Angélica María Hartman Ortiz (born September 27, 1944), known professionally as La novia de Mexico (Mexico's sweetheart), is an American-Mexican actress and singer-songwriter. Her songs El hombre de mi vida (The man of my life) peaked at No. 6, Reina Y Cenicienta (Queen and Cinderella) peaked at No. 9, Prohibido (Prohibited) peaked at No. 13, and El Taconazo (The Taconazo) peaked at No. 34 on the hot Latin songs chart. She also belongs to the so-called Golden Age of Mexican cinema.

Early life
Born in 1944 in New Orleans, Louisiana, Angélica María is the daughter of American entrepreneur, Arnold Hartman, and theater producer, Angélica de Jesús Ortiz Sandoval. Following the divorce of her parents at the age of 5, María moved to Mexico City with her mother.

Early career
Her mother's sister, Yolanda Ortiz, introduced little Angélica to the Mexican Cinema when Gregorio Wallerstein, a movie producer, was looking for a boy for his next movie. Angélica told the producer, "Give me a haircut and I'm that boy". Charmed by the girl, he let her into his audition. She got the role in the movie Pecado ("Sin"). Soon afterwards, she worked on, Una Mujer Decente ("A Decent Woman"), La Hija de la Otra ("The Daughter of the Mistress"), Los Amantes ("The Lovers"), Fierecilla (Little Beast), Sígueme, Corazón ("Follow Me, Sweetheart"). She obtained the Ariel award for her role in Mi Esposa y la Otra ("My Wife and the Mistress") when she was 6. She also performed in her first fotonovela Rayito del Sol ("Little Sunray"). She sang in her two next movies, 2 Caras Tiene el Destino ("Destiny Has Two Faces") and Los Gavilanes (The Hawks) with superstar Pedro Infante, who told her she would be a great actress, because she spoke with her eyes, as he did.

Teen idol
In 1955, Rita Macedo offered her a role in the play La mala semilla (The Bad Seed), which would be the first of a series of plays she was involved with while she filmed. When she was 16 she joined the telenovela industry with the production Cartas de amor (Love Letters). The following year, she acted in musicals as well as in "lucha libre" movies such as El Señor Tormenta (Lord Storm) and Muerte en el ring (Death in the Ring). At that time she was beginning to be referred to as La novia de la juventud (Youth's girlfriend) and after her first musical, a journalist, Octavio de Alba, named her La Novia de México (Mexico's girlfriend or Mexico's sweetheart), which is the title she would keep thereafter.

Singing career
After a few musicals, she asked for her mother's assistance (who was also her manager) and together with Armando Manzanero, then a new songwriter, she sang 1962's Eddy Eddy which would eventually become one of her greatest musical successes. Manzanero took Angélica to see a producer, and in the same year she released her first album on the Musart record label. The album was a success, so she began touring and making movies with teen idols such as César Costa and actor/singer Enrique Guzmán whom she would date later. After joining RCA, she would later become one of the biggest stars in Latin America. In 1973 she met the aspiring singer Juan Gabriel who would become one of the biggest selling artists in the world. Together, they would record ballads performed by mariachi bands. The single Tú sigues siendo el mismo ("You are still the same one") sold one million copies in the United States alone, and has since then been performed by dozens of other singers. She recorded three more albums in 1974. In 1980, she recorded for the first time in a U. K. studio, making an album of ballads and a single record with two pop songs in English, seeking some kind of crossover. During these years, she signed with Marsal Productions, then Caytronics, Melody, RCA again, and finally CBS, which was her last contract with a foreign record company. Since then, she established her own recording company with which she has produced 7 albums.
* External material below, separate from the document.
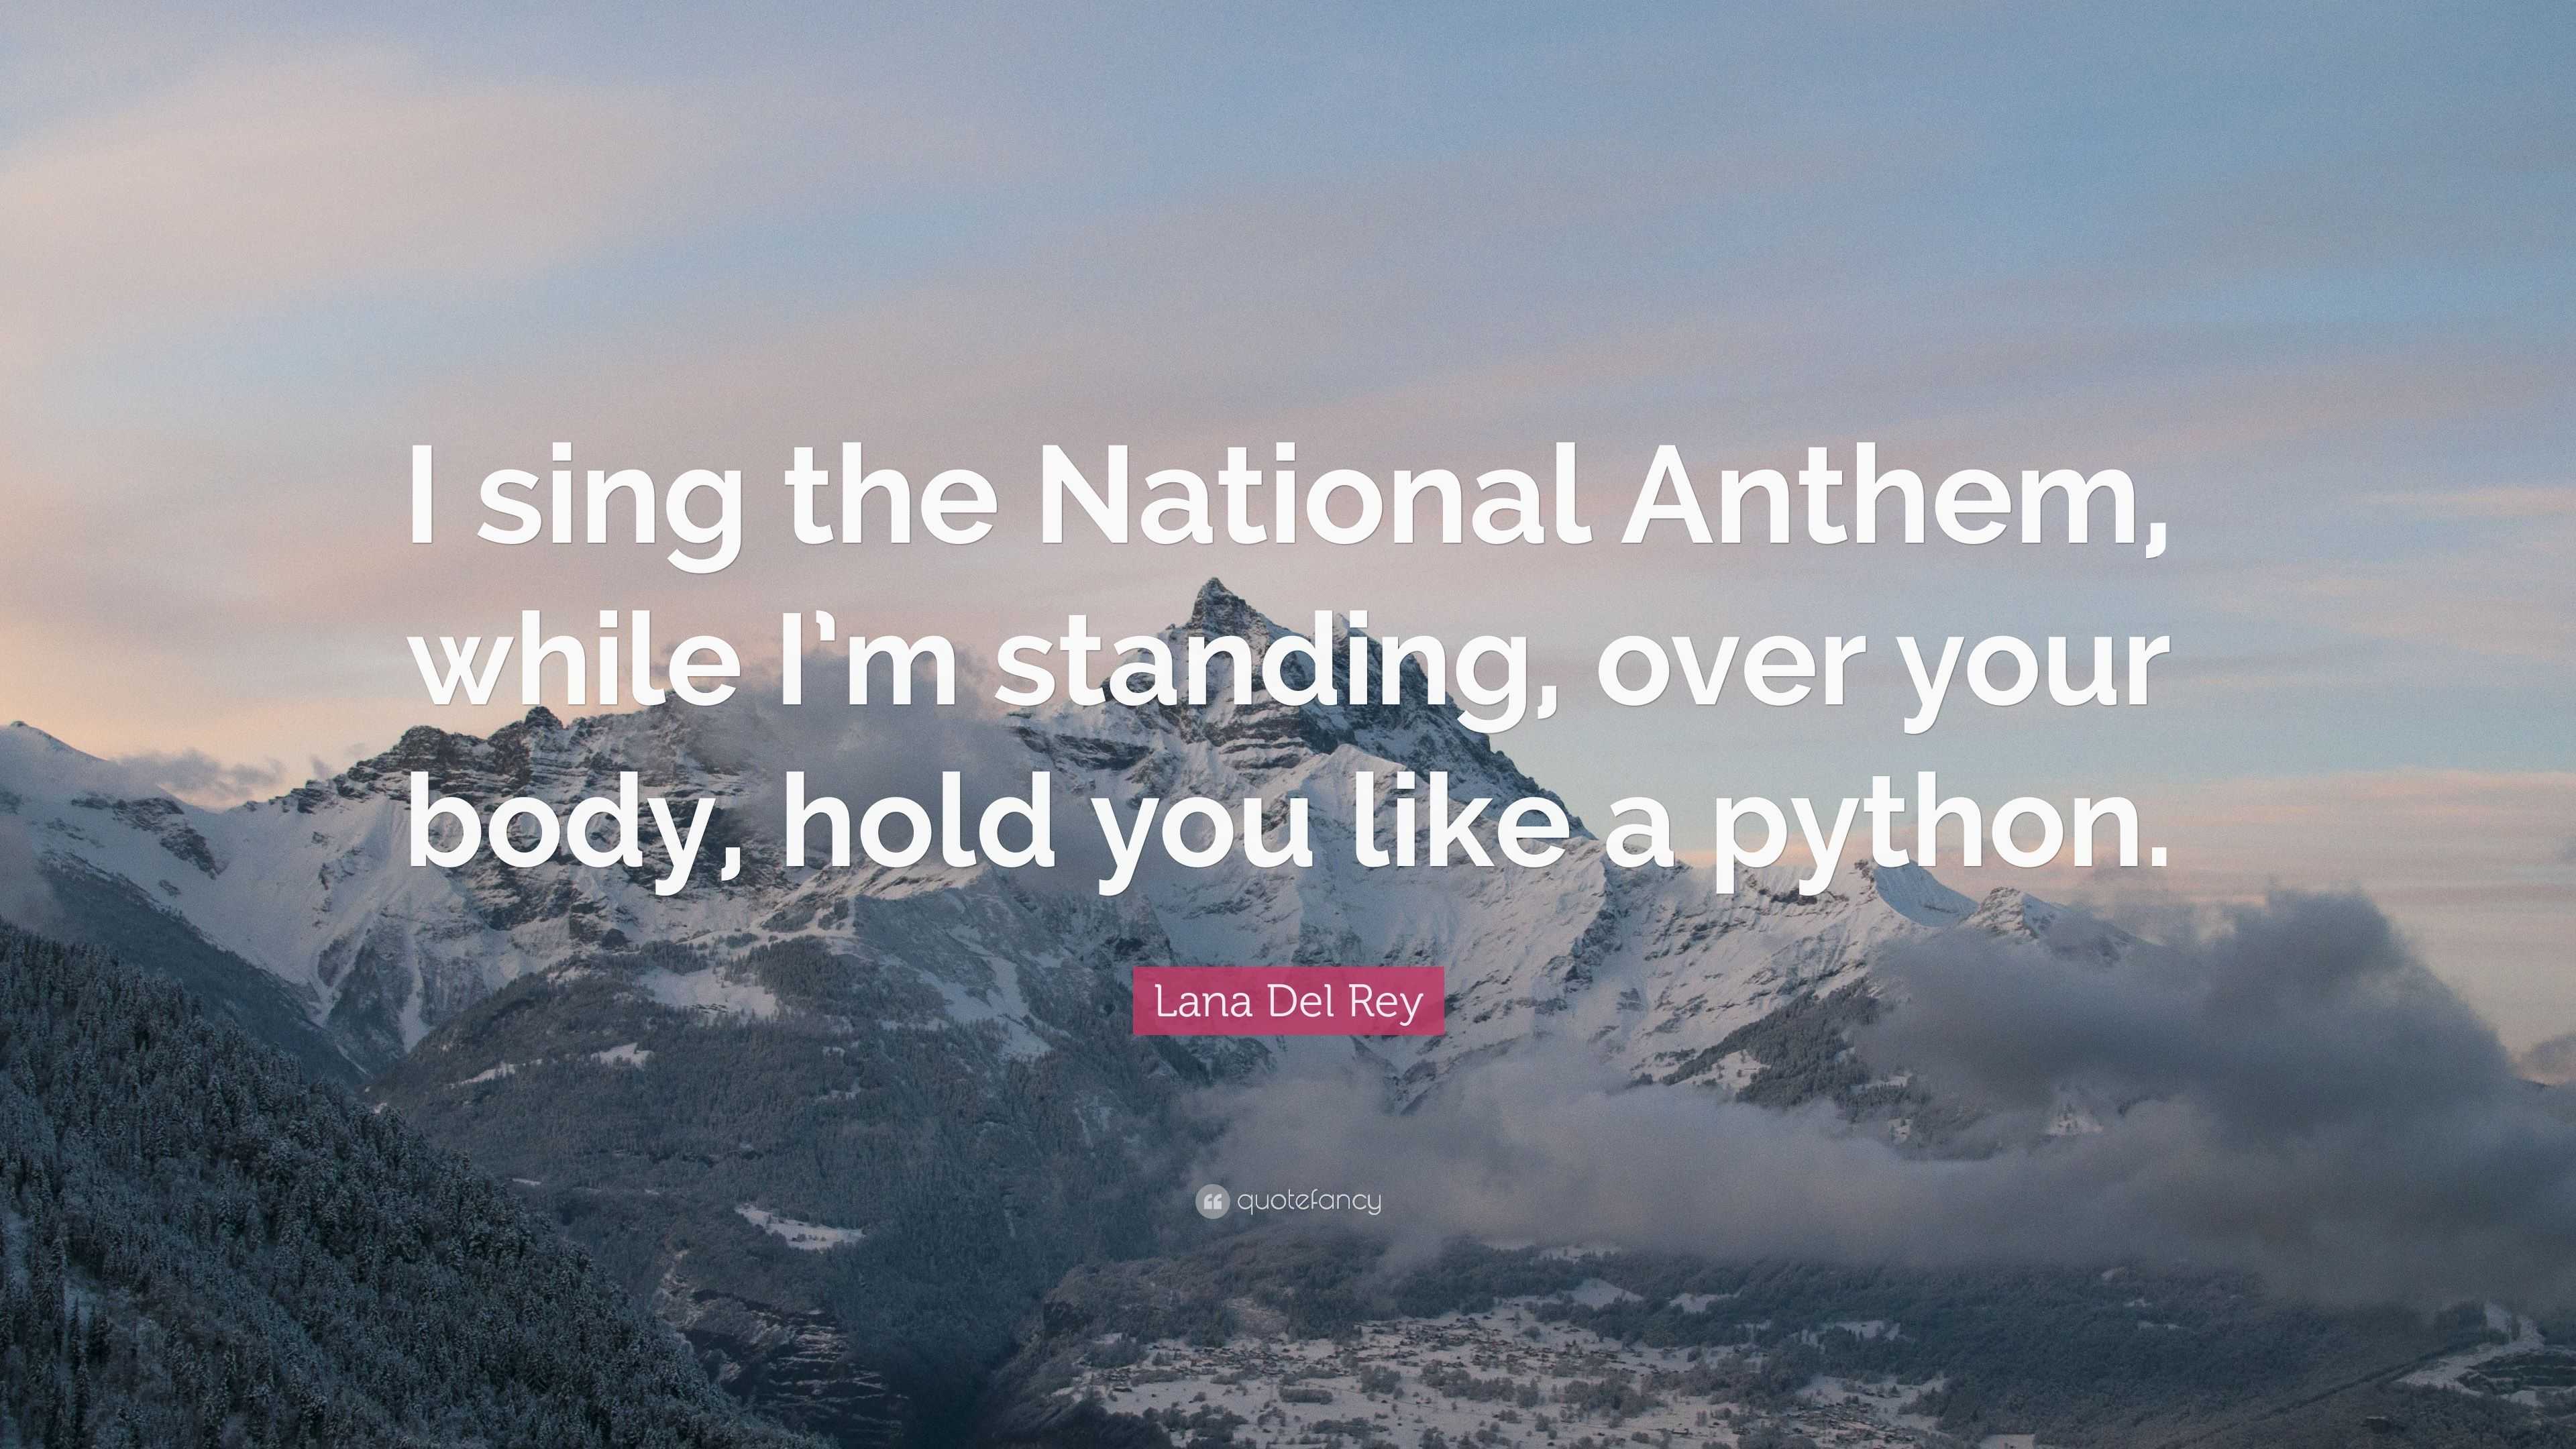 Lana Del Rey Quote: “I sing the National Anthem, while I’m ...

Her singing career spans through 2013, being her most recent album "With Your Love", produced by R. Levaron, and launched by Universal Music.

Acting career
In 1965, she filmed "Fray Torero" (Friar Bullfighter) in Spain and came back to Mexico to work in two movies, and to record her sixth album. Then, she acted in such successful films as 5 de chocolate y 1 de fresa (Five of chocolate and one of strawberry) and obtained the starring role in the 1968 film version of Corazón salvaje a movie that made her famous in places as far as China. In 1971, she acted in Ernesto Alonso's telenovela Muchacha italiana viene a casarse ("Italian girl comes to get married") which opened the Spanish television market in the United States, and was a success in Central America and South America. She also filmed one of her biggest telenovelas Ana del aire ("Ana of the air", playing a flight attendant role). In 1977, she made the telenovela version of her film Corazón salvaje, released two albums, and performed in the play Papacito Piernas Largas ("Daddy Long-legs"), a play that would spun off an album, and broke the record of more than 1000 performances sold out in the next 3 years.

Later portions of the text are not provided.